The most common side effects were metabolic issues and gastrointestinal reactions, including elevated blood sugar, nausea, and higher levels of uric acid in urine. Two patients switched to other treatment regimens due to adverse reactions.

Changes in MGFA scores post-treatment showed improvements in 25.3% of 75 patients at one month, in 40.3% of 62 patients at three months, in 28.6% of 49 patients at six months, and in 12.8% of 39 patients after 12 months.

These results indicate that tacrolimus “has a rapid onset,” the researchers wrote.

Using minimal manifestations status or better as the treatment’s goal, researchers found that 6.7% (five of 75 patients) achieved MMS at one month of treatment, 19.3% (12 of 62) at three months, 44.9% (22 of 49) at six months, and 69.2% (27 of 39) at one year. Eight patients changed treatments or added a corticosteroid due to limited benefits.
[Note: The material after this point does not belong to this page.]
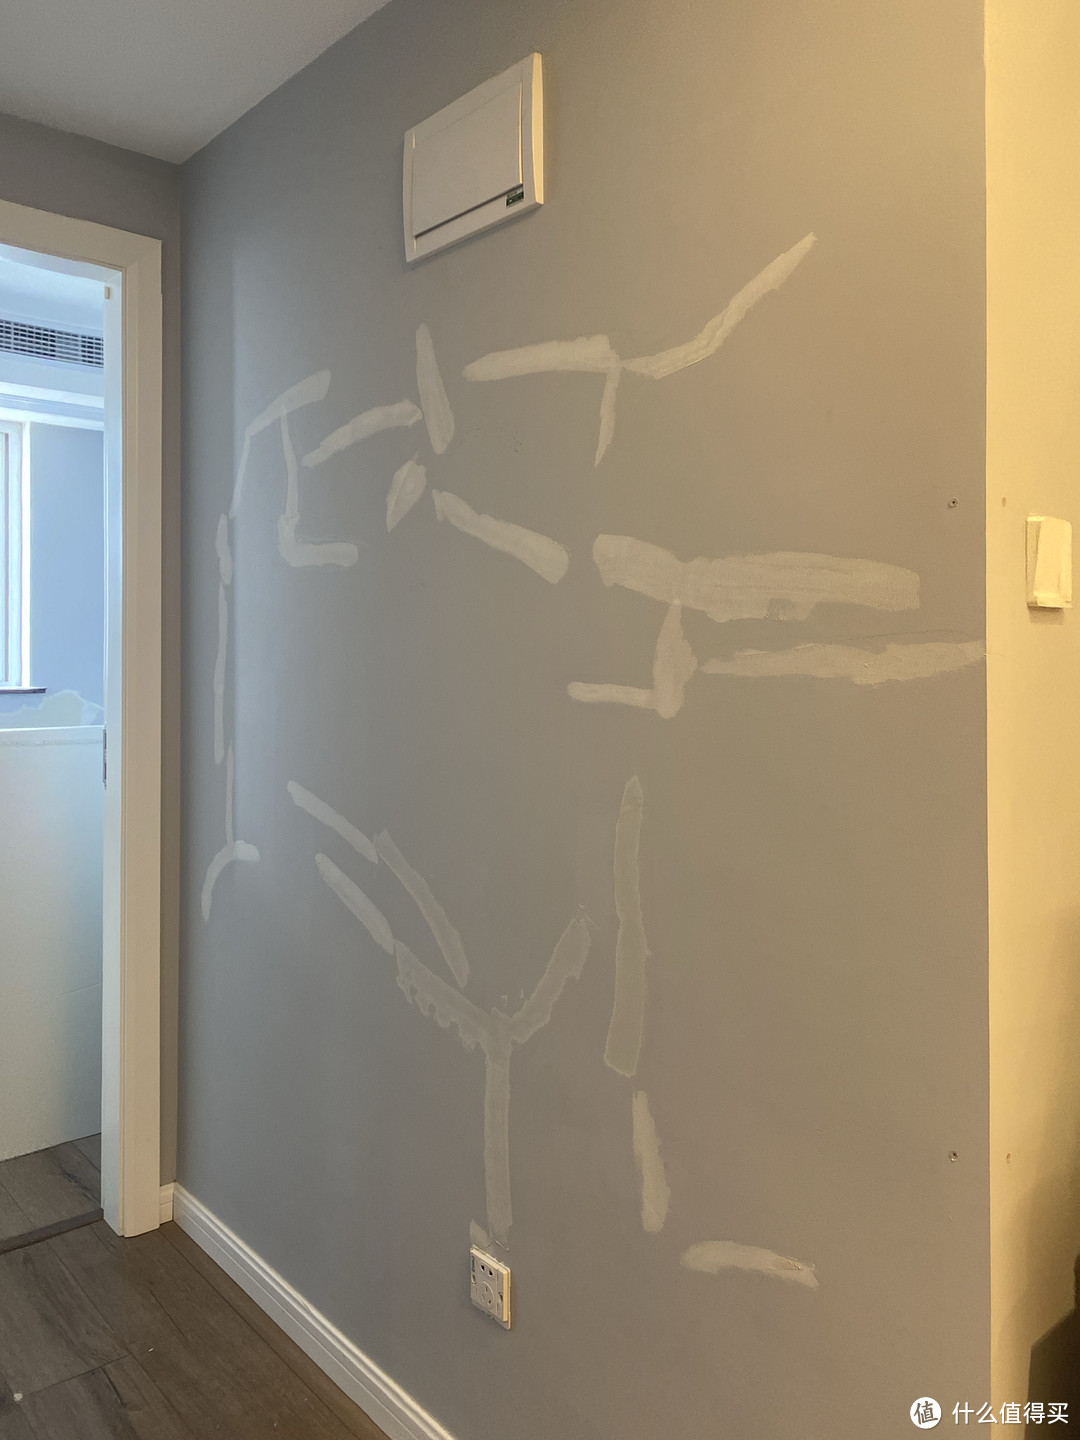 【墙面改造计划】3年后墙面大改色，100%满意的一次乳胶漆众测体验。

“These results suggest that tacrolimus is effective and safe as single-agent immunotherapy for MG and can contribute to the realization of MMS in patients,” the researchers wrote.

An analysis was done to determine the probability of patients achieving MMS or better while on tacrolimus for each time point. Results showed a rise in probability in each respective patient group: 6.7% at one month, 18.1% at three months, 40.3% at six months, and 57.8% at 12 months.

Further analysis showed that “age, QMG score, and AChR-Ab titer [acetylcholine receptor antibody levels] were factors that affected patients to achieve MMS, regardless of gender and course of disease,” the team wrote.

Best responses were seen in patients under age 40, those with pre-treatment QMG scores of 11 or lower, and those with AChR-Ab levels lower than 8.07 nanomole/L.

By MG subtype, patients without autoantibodies (seronegative) achieved MMS at a greater rate than those with AChR-Ab.

“However, we believe AChR antibody-positive should not be a barrier to selecting tacrolimus. In this study, approximately a quarter of AChR-MG patients still achieved satisfactory treatment outcomes (MMS or better),” the team noted.

People with ocular MG also had better responses than those with more generalized MG, “suggesting that the timing of tacrolimus intervention is more suitable in the early stage of onset,” the researchers added.

Overall, “tacrolimus can be used alone for the initial immunotherapy of MG patients, especially for young, mild, and low antibody titer patients,” they concluded.